On p4 in Chang/Keisler's Model Theory,
Classical sentential logic is designed to study a set L of simple statements, and the compound statements built up from them. At the most intuitive level, an intended interpretation of these statements is a ‘possible world’, in which each statement is either true or false. We wish to replace these intuitive interpretations by a collection of precise mathematical objects which we may use as our models. The first thing which comes to mind is a function F which associates with each simple statement S one of the truth values ‘true’ or ‘false’. Stripping away the inessentials, we shall instead take a model to be a subset A of L the idea is that S $\in$ A indicates that the simple statement S is true, and S $\notin$ A indicates that the simple statement S is false.
Which one is L:
the set of simple statements, and the compound statements built up from them, (I guess so from the first sentence)
the set of simple statements? (I guess so from the last sentence)
Thanks.
$L$ is the set of simple statements - or, more commonly, of atomic propositions or propositional atoms.
(The comma indicates this: "a set $L$ of simple statements, and the compound statements built up from them" versus "a set $L$ of simple statements and the compound statements built up from them." The latter is ambiguous, but the former isn't.)
To quickly describe what's going on (since I think the quoted passage is a bit opaque):
The semantics of propositional logic amounts to assigning a truth value from $\{\top,\perp\}$ to each propositional sentence in a "coherent" way (e.g. we can't say that $a\wedge b$ gets $\top$ but $a$ and $b$ each get $\perp$). Such assignments are in fact equivalent to maps from $L$ to $\{\top,\perp\}$: every coherent assignment restricts to such a map, and every such map extends to exactly one coherent assignment. So we can replace the "full valuation" semantcs with this "atomic valuation" semantics, which is simpler in many contexts.

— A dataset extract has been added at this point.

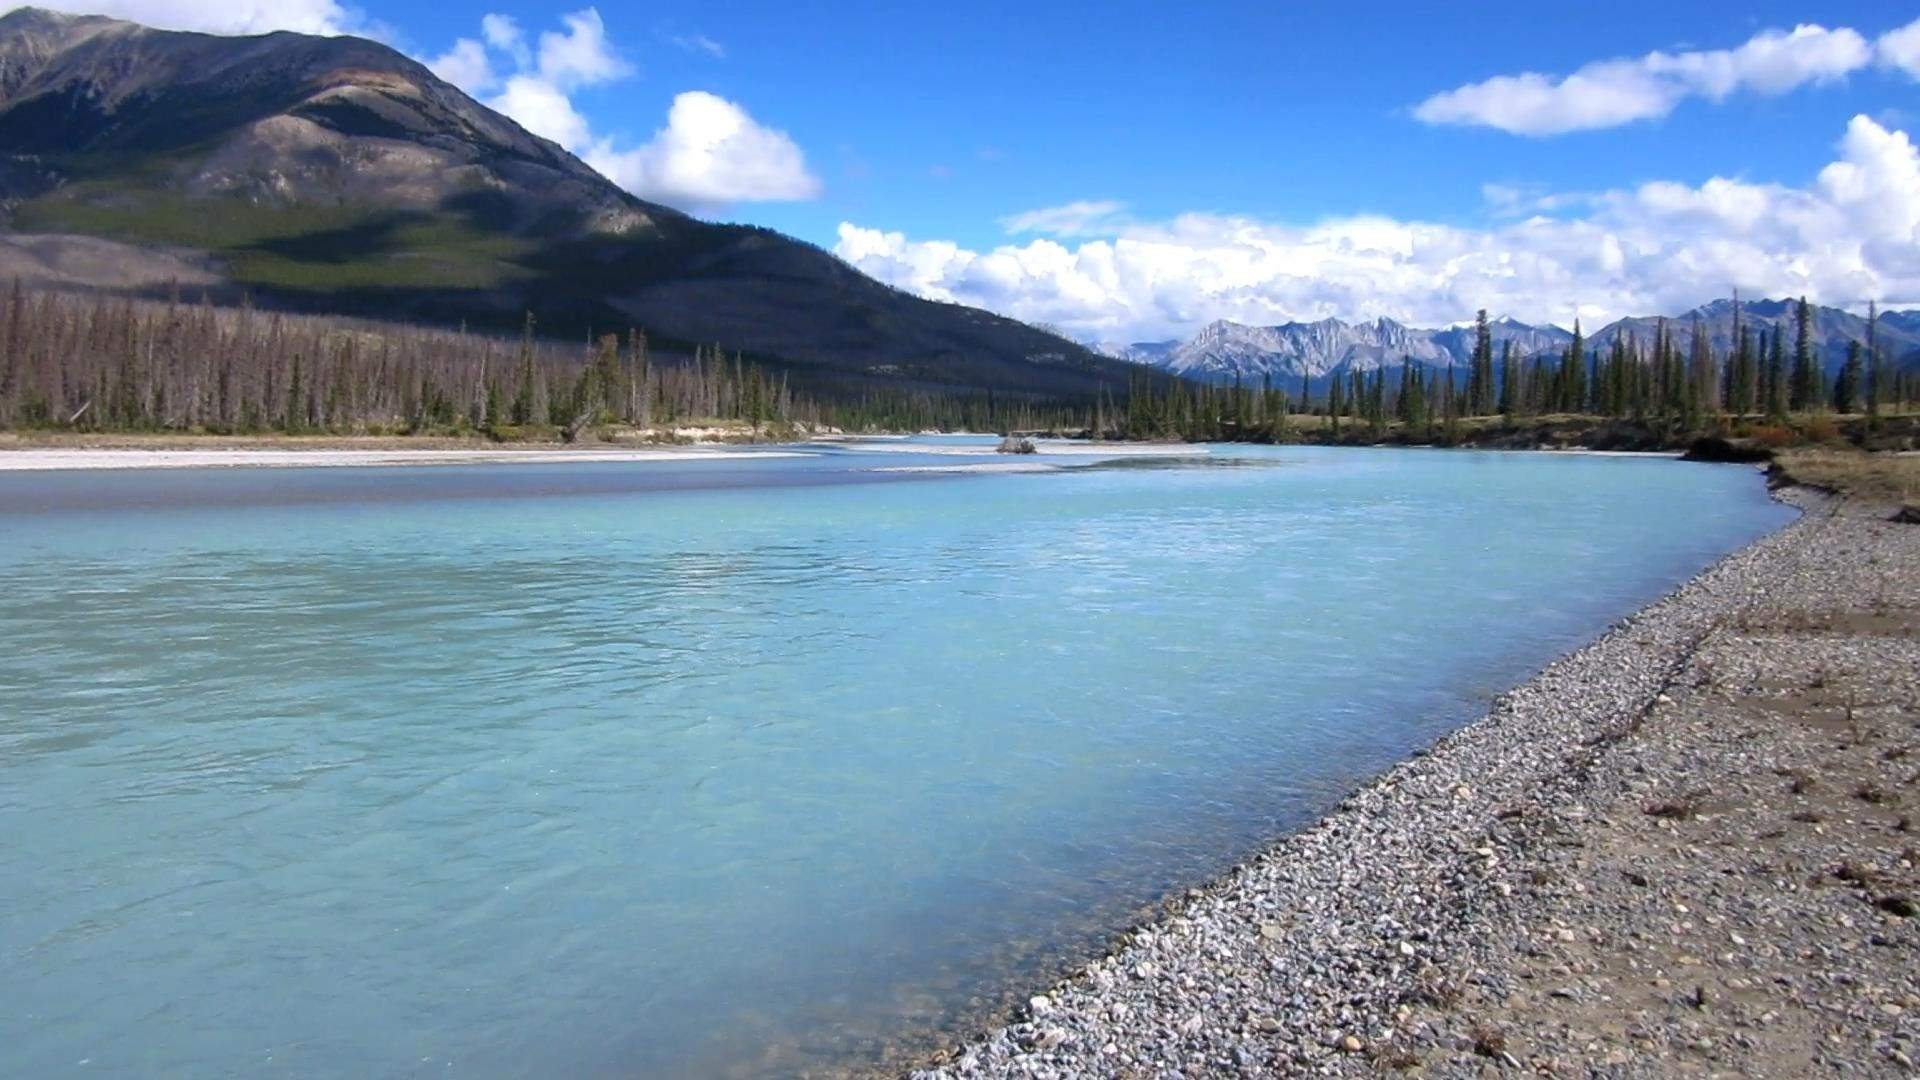 Saskatchewan River, Landscape wallpaper, HD image, Picture background, 1920x1080 Full HD Desktop

And we can go further and say that maps $L\rightarrow\{\top,\perp\}$ are themselves equivalent to subsets of $L$ - via the bijection assigning $m:L\rightarrow\{\top,\perp\}$ to the set $m^{-1}(\top)$, that is, the set of atomic propositions (= members of $L$) which $m$ declares to be true.
This shift, from "the set of maps from all sentences to $\{\top,\perp\}$ satisfying some complicated conditions" to "the set of subsets of $L$," is Chang/Keisler's "stripping away the inessentials."